While companies tend to use more sophisticated directory systems, most universities use finger as an open white pages for students, faculty and administration. In the stone age of the internet, it was ostensibly the only way to find a person’s email address, and it still remains as the most effective means of tracking down a user of an academic network. In most cases, all one needs is a first or last name and the university they work for. On most unix systems, simply typing [email protected] will return a list of entries in the host.edu database matching "name."

This is a veritable gold mine of data for spammers: current students that will be graduating at some point, starting families, and needing loads of xanax, valium and viagra to cope. All the spammer has to do to tap into the finger database is know a first or last name, query the server, and take the email address. Or, alternatively you can just finger all of the names, ranked in descending order of popularity thanks to the 1990 census statistics. Since Cameron is the 336th most common name, it’s no surprise that I’ve been getting a flood of email from my fingerable addresses.
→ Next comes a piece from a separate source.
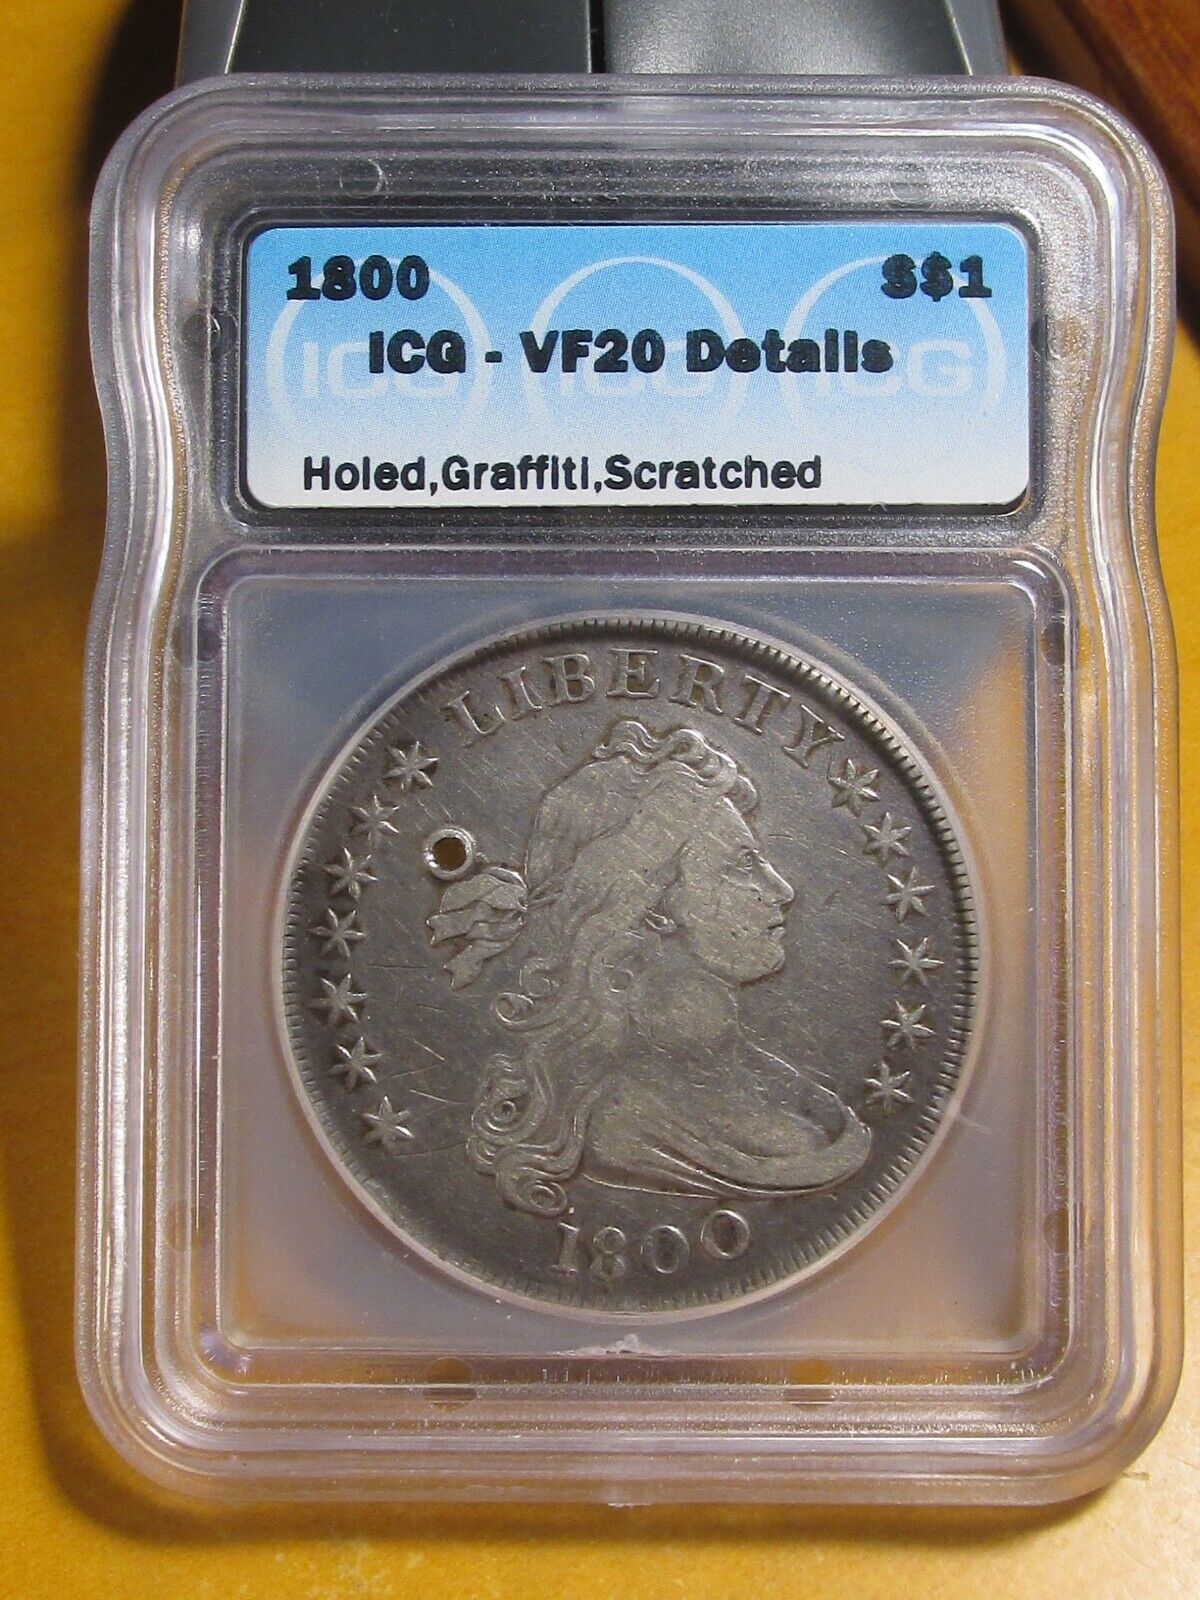 1800 Draped Bust Silver Dollar $1. Icg Vf-20 Details Holed, Graffiti, Scratched.

MIT does provide one level of indirection by giving each user an alias, mine being C-marlow. If you turn around and finger C-marlow at mit.edu, MIT responds with all of my contact information. I am in no way a privacy pundit, I just don’t appreciate getting unsolicited email. At this stage in the game, it seems to me that finger must die. Schools that still want to provide a directory service should do it through a web email interface, obscuring the addresses of students and employees. Otherwise they threaten to render their email addresses useless by serving them up wholesale to spammers.

MIT power outage

At about 1pm this afternoon, the entire MIT campus suffered a complete power outage, the first time such an event has occured in my 5-year tenure here. I was in the lab at when the power cut, and I was lucky enough to catch the sound of some 50 computers just outside my office spinning down simultaneously. The power was off for about three hours, at which point we began picking up the pieces of our poor, beaten network.

MIT maintains their own power cogeneration plant which supplies the campus and a good part of Cambridge through an exchange with NStar Electric. Talking with friends in the area it appears that much of the city went offline for some time, but was restored long before MIT powered up. This outage doesn’t seem to appear on the New England power consumption stats, but I assume that is because MIT maintains its own grid. Thankfully, MIT maintains its own statistics on the cogenration site, which I’ve cached below:

mit power consumption, 5-3-04
MIT Power Consumption, 5.3.04

There hasn’t been any news yet as to the cause, but I would expect it to at least make the local news (it seems like a pretty major event, considering that it took a full 3 hours to restore power to the campus). It wasn’t anywhere near the magnitude of the recent blackout in New York, but it did have a similar socializing effect, as people crawled out from under their desks and scurried outside into the jarring sunlight. Frankly I’d be happier if they threw the switch on a regular basis, just to test people’s ability to communicate face-to-face, a sort of fire drill for social interaction.

May 4: The MIT newspaper has covered the story, citing that an outage of this magnitude has happened only once in recent history.

The Globe reports that many Verizon customers lost voicemail when their data center in Cambridge went offline yesterday.